Austin Bay looks at Turkey’s domestic political situation following the re-election of Recep Erdoğan’s Justice and Development Party:
The threat to Turkish democratic institutions is a man notoriously jealous of Ataturk, current president Recep Tayyip Erdoğan. The snap election gave Erdoğan and his Justice and Development Party, AKP, overwhelming control of parliament (316 of 550 seats). The AKP had controlled parliament since 2002, but in the June 7 election it lost its one-party majority. Political haggling among opposition parties, including Ataturk’s Republican Peoples Party, the CHP, failed to produce a coalition government; a new election was necessary.
However, in the intervening month’s domestic terrorist incidents, the fitful war with the Islamic State in the Levant and Syria’s violent chaos dominated Turkish politics.
Erdoğan portrayed himself as the only leader capable of addressing Turkey’s deteriorating security situation. Domestic security certainly diminished; why it did stirs angry accusations. Erdoğan’s political opponents maintain that he used the violence to solidify political support. His more vicious critics accuse him of intentionally permitting violence. For example, they argue his government could have prevented the Oct. 10 terror bombing of a peace march in Ankara, now attributed to ISIL. Over 100 people were murdered in that attack.
Is it an over the top conspiracy theory-type accusation? Possibly. Erdoğan himself, however, believes over the top conspiracy theories, and he uses conspiratorial doubt and fear as political tools.

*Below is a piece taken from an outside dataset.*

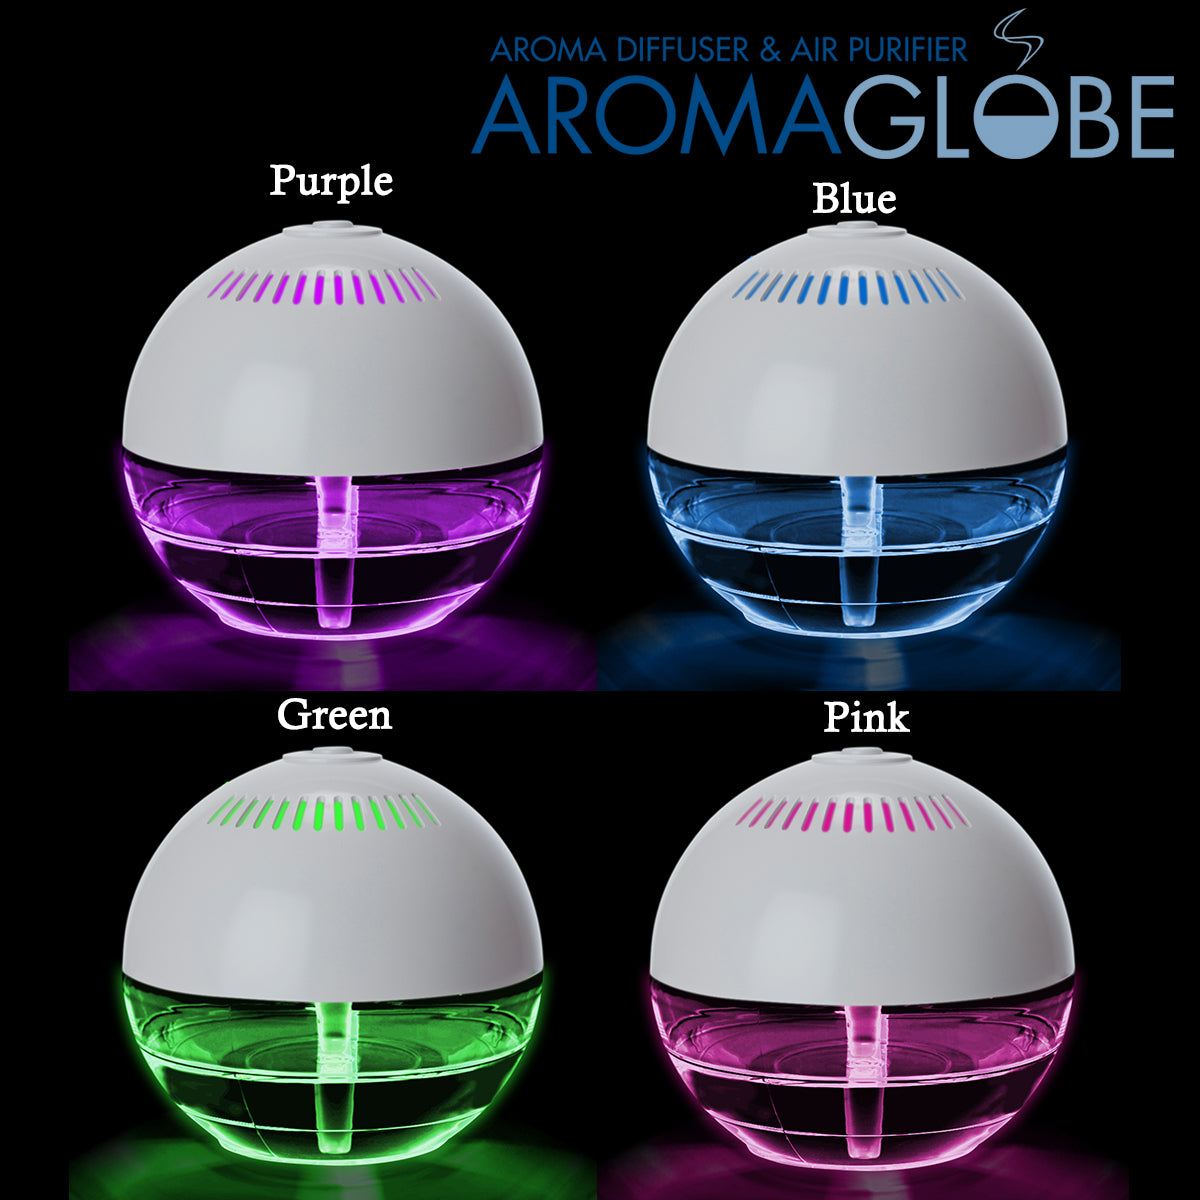 Aroma Globe Air Washer & Room Revitalizer - White Noise Machine USJ-802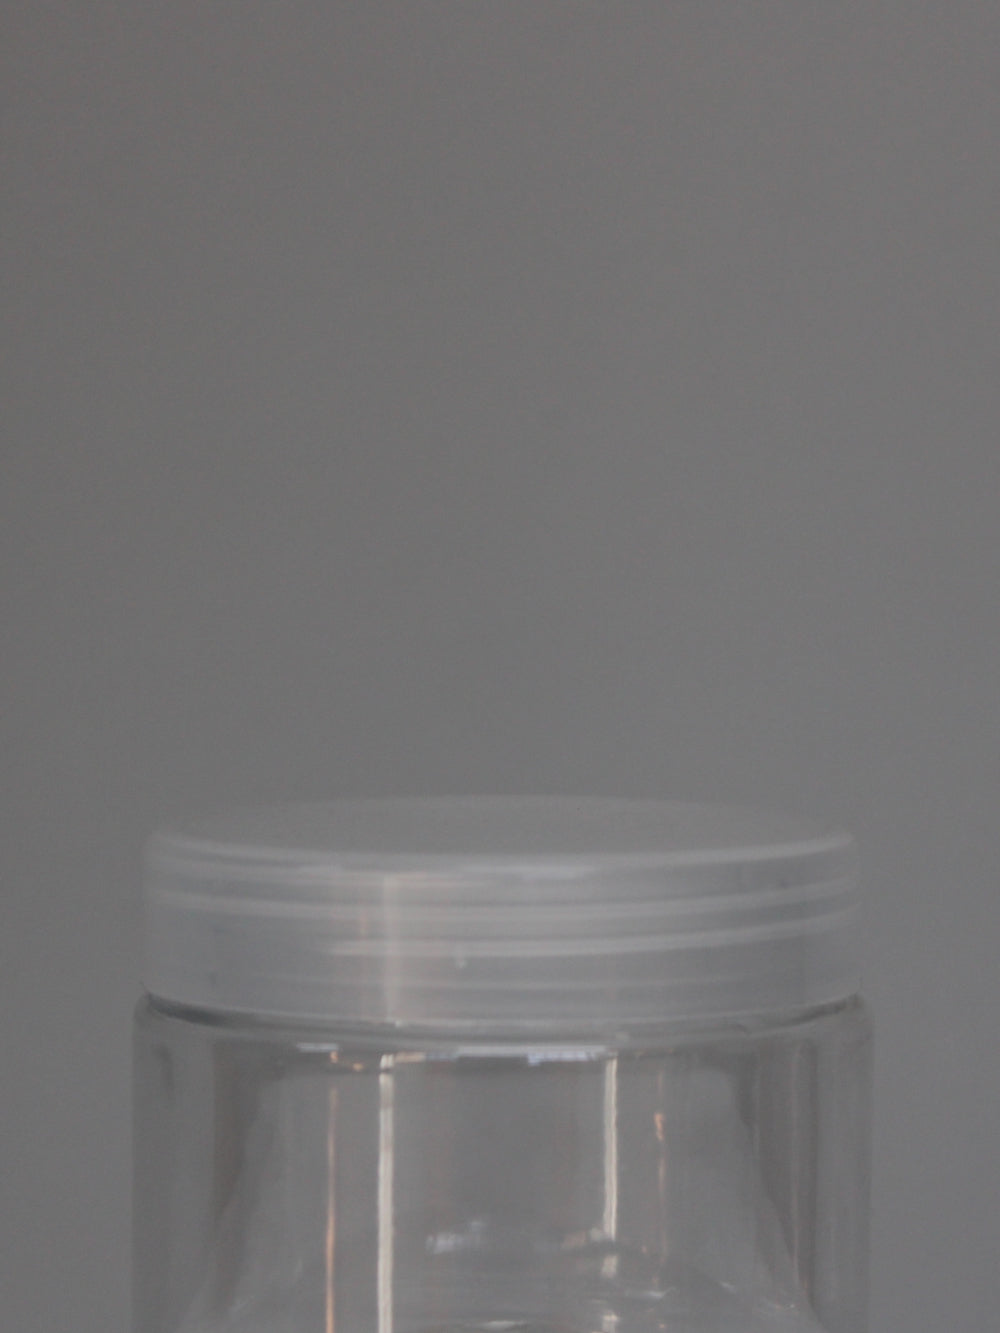 250ml Crystal PET Jar - (Pack of 100 units)

His record for jailing journalists and intimidating political opponents associated with his alleged conspiracies is fact, not theory. The election didn’t assuage his fears — it ignited another surge of arrests. On Nov. 3, police arrested scores of people associated with Erdoğan critic and Muslim cleric Fethullah Gulen. At one time Gulen supported Erdoğan and the moderate Islamist AKP. However, Gulen broke with Erdoğan over credible charges of corruption within Erdoğan’s governing circle.
Daniel Pipes isn’t convinced that the terror stampeded voters in Erdoğan’s direction (especially Kurdish voters), and he suspects fraud in the election results:
Like other observers of Turkish politics, I was stunned on November 1 when the ruling Justice and Development Party (Adalet ve Kalkınma Partisi, or AKP) was reported to have increased its share of the national vote since the last round of elections in June 2015 by 9 percent and its share of parliamentary seats by 11 percent.
The polls had consistently shown the four major parties winning about the same number of seats as in June. This made intuitive sense; they represent mutually hostile outlooks (Islamist, leftist, Kurdish, nationalist), making substantial movement between them in under five months highly unlikely. That about one in nine voters switched parties defies reason.
The AKP’s huge increase gave it back the parliamentary majority it had lost in the June 2015 elections, promising President Recep Tayyip Erdoğan a semi-legal path to the dictatorial powers he aspires to.
But, to me, the results stink of fraud. It defies reason, for example, that the AKP’s war on Kurds would prompt about a quarter of Turkey’s Kurds to abandon the pro-Kurdish party and switch their votes to the AKP.